**** Recorded information
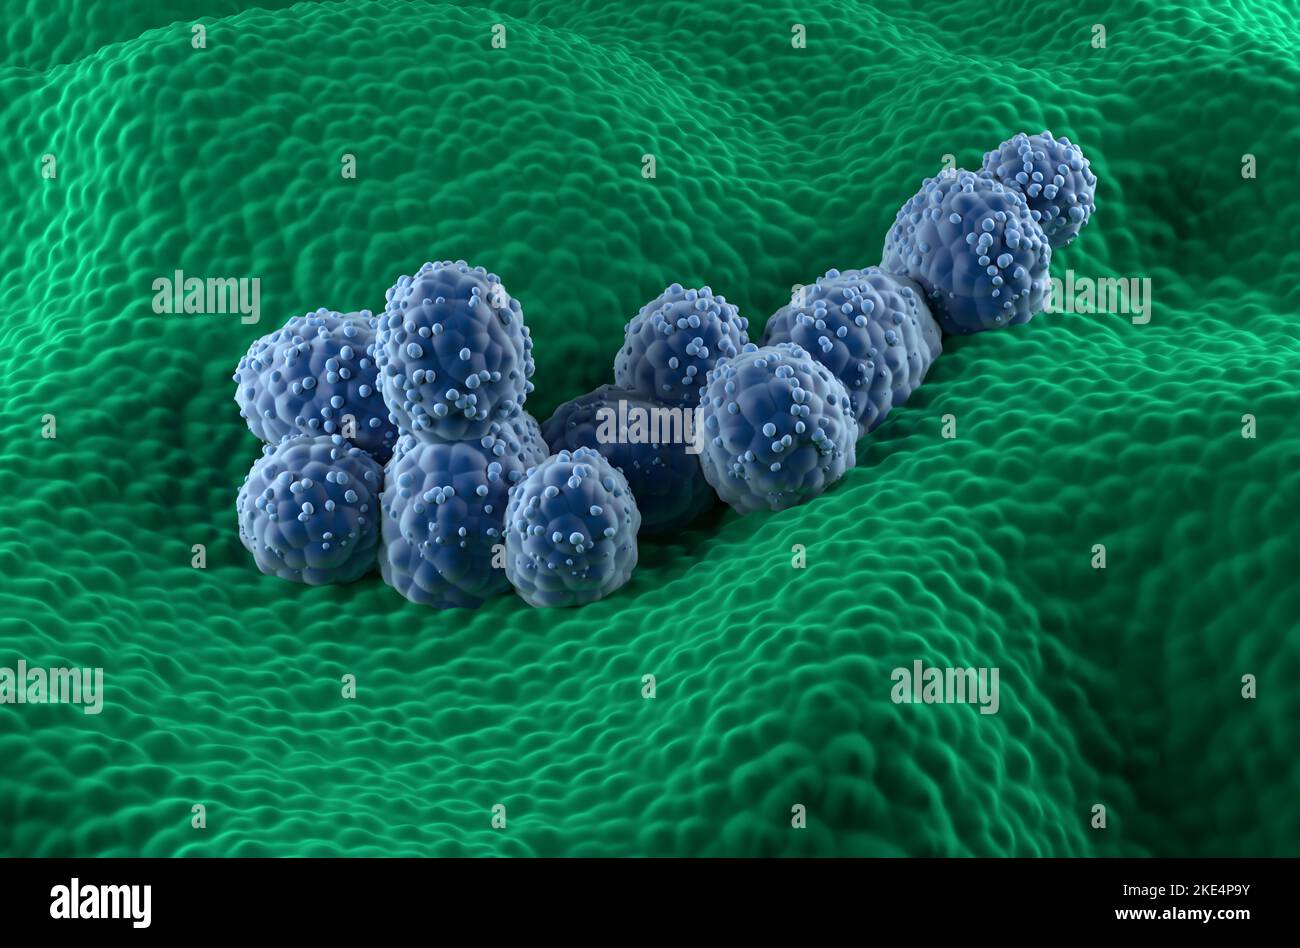 Cellule tumorali della prostata nell'epitelio ghiandolare prostatico - vista isometrica 3D illustrazione Foto Stock
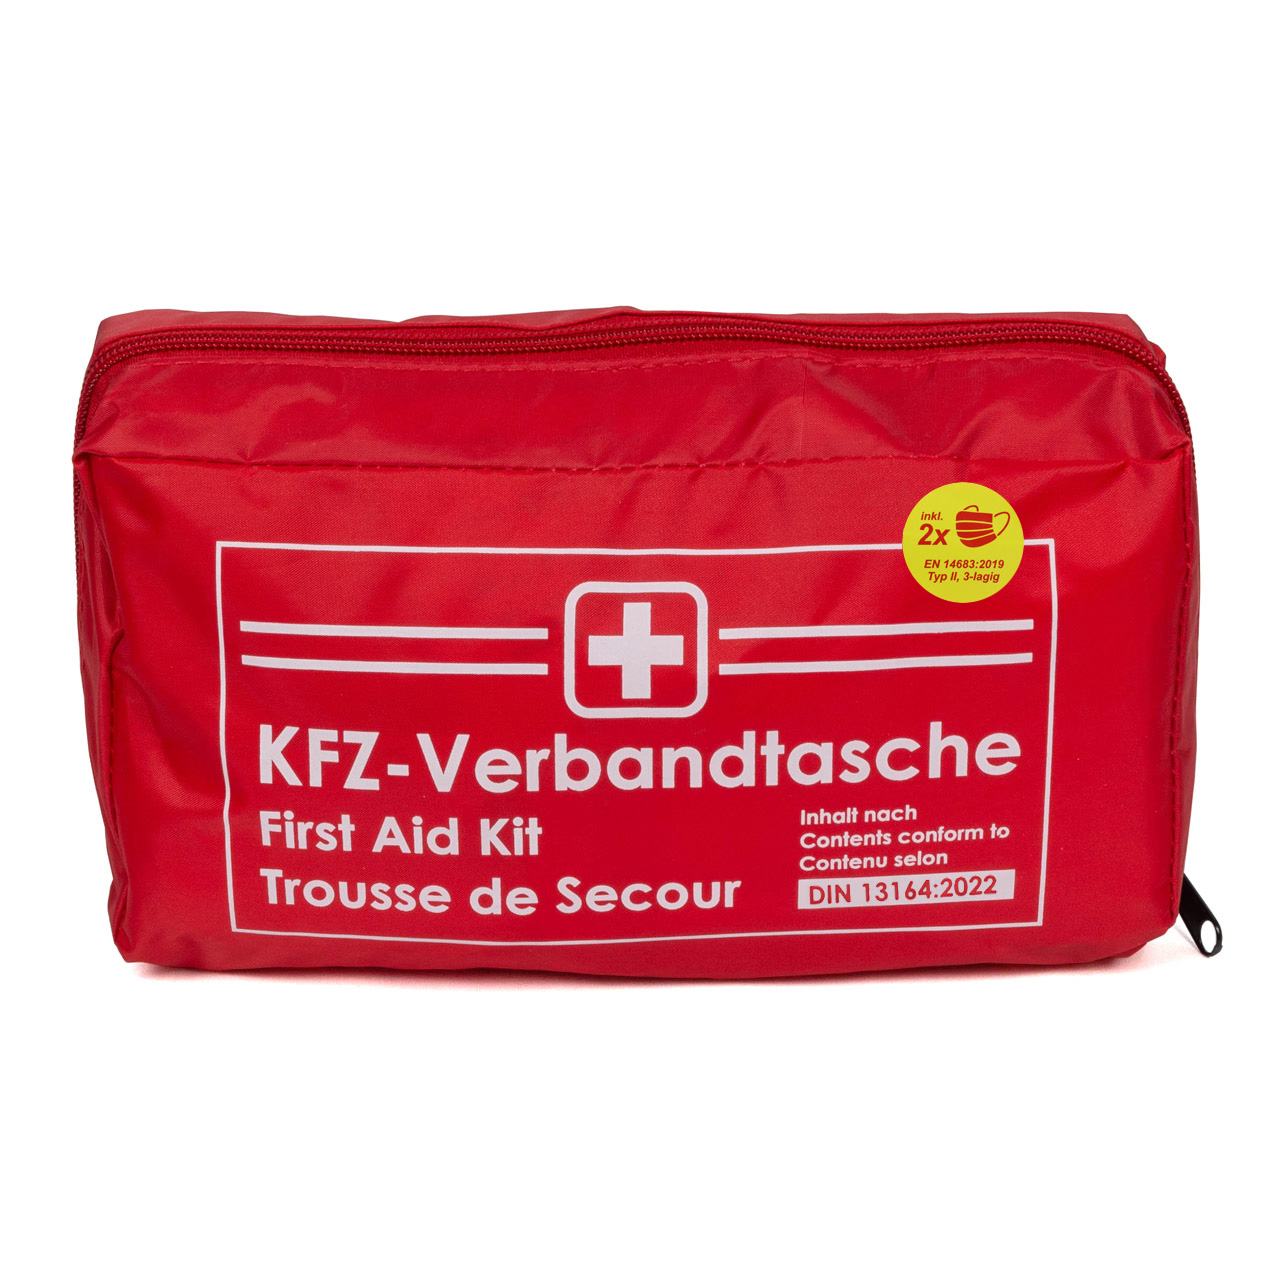 AUTO PKW KFZ Verbandtasche Verbandkasten Erste-Hilfe ROT DIN13164
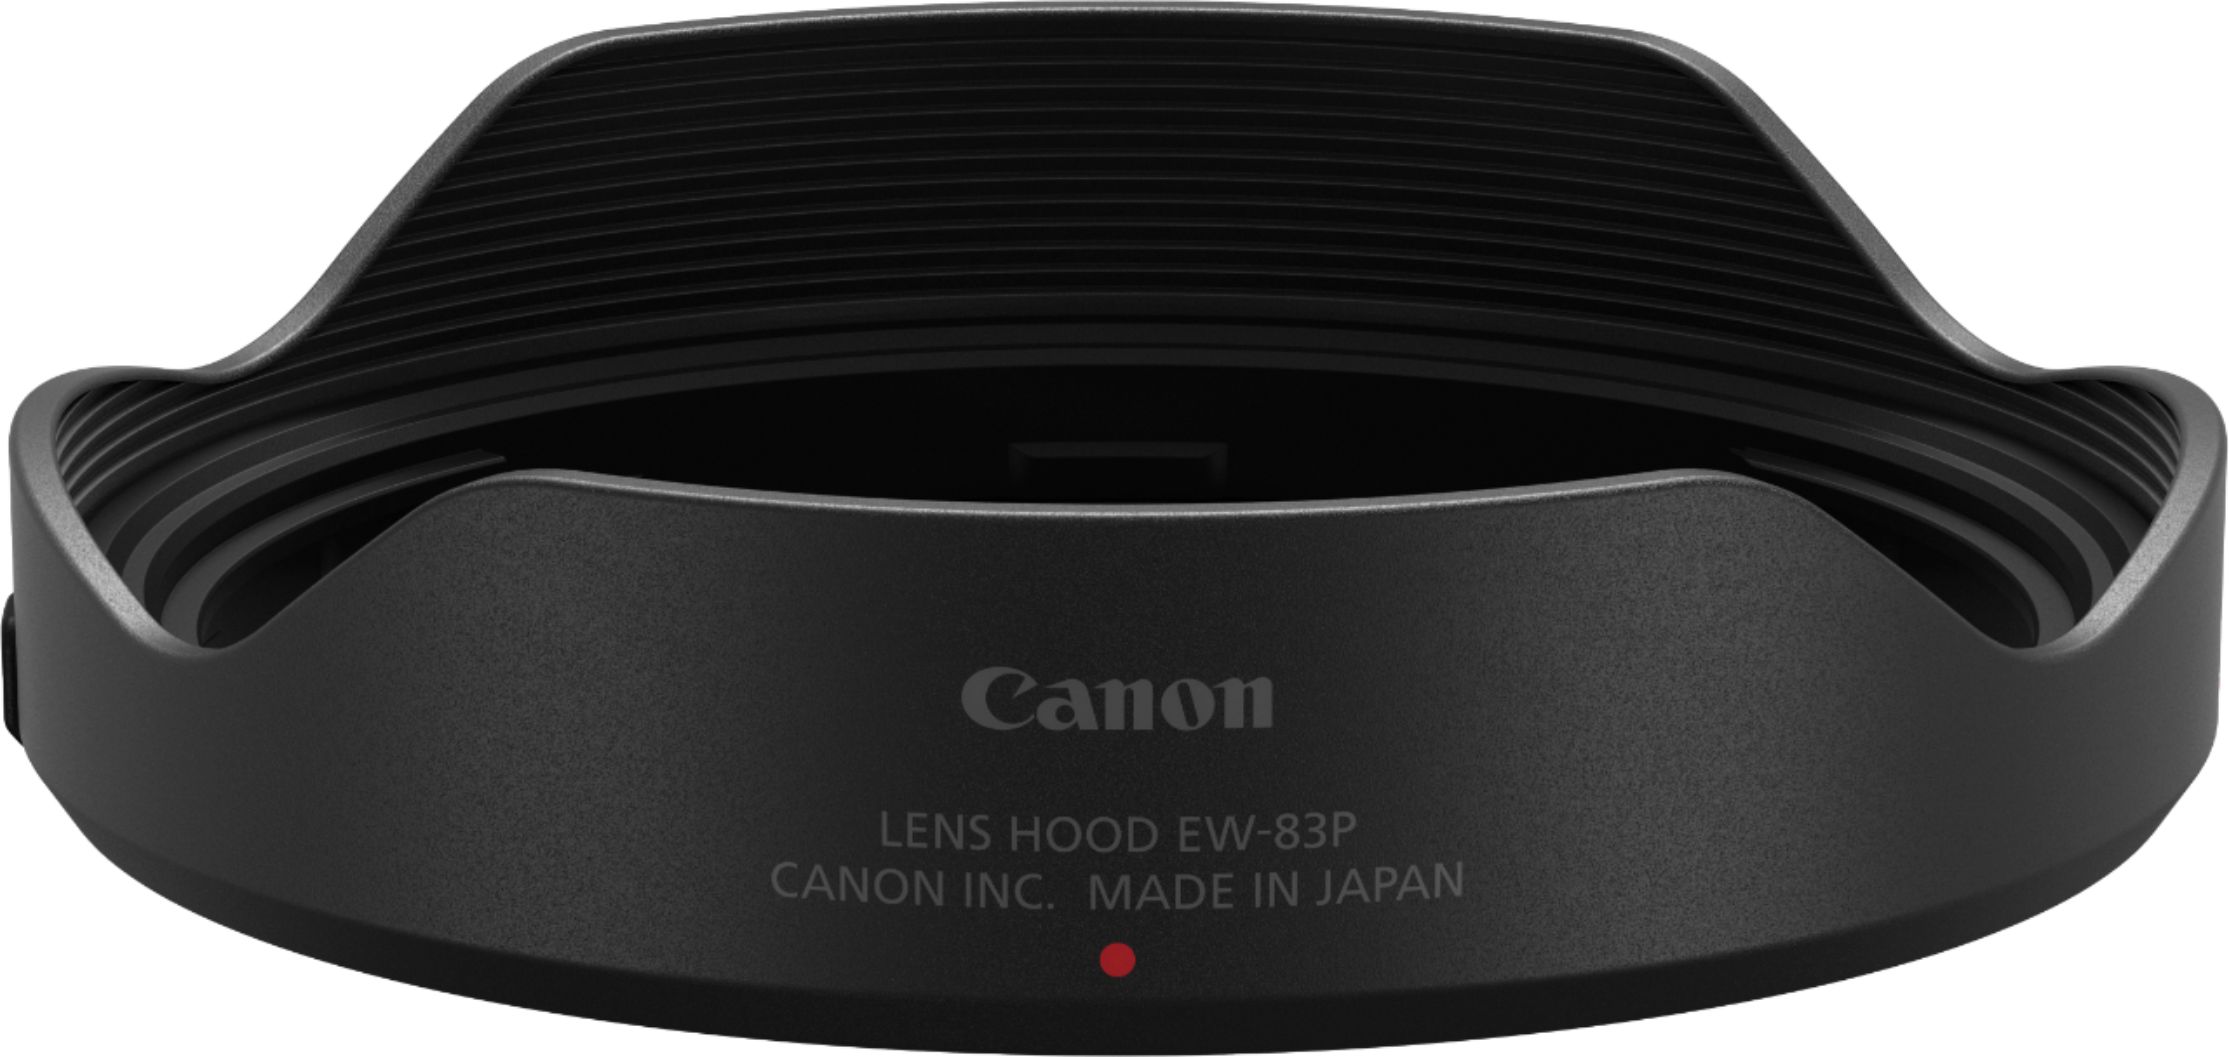 Canon - EW-83P Lens Hood for RF 14-35mm f/4 L IS USM Lens - Black
********
_Exercise aim:_ Please set the data above down exactly, with the pictures removed.

_Expected output:_
 Cellule tumorali della prostata nell'epitelio ghiandolare prostatico - vista isometrica 3D illustrazione Foto Stock
 AUTO PKW KFZ Verbandtasche Verbandkasten Erste-Hilfe ROT DIN13164
 Canon - EW-83P Lens Hood for RF 14-35mm f/4 L IS USM Lens - Black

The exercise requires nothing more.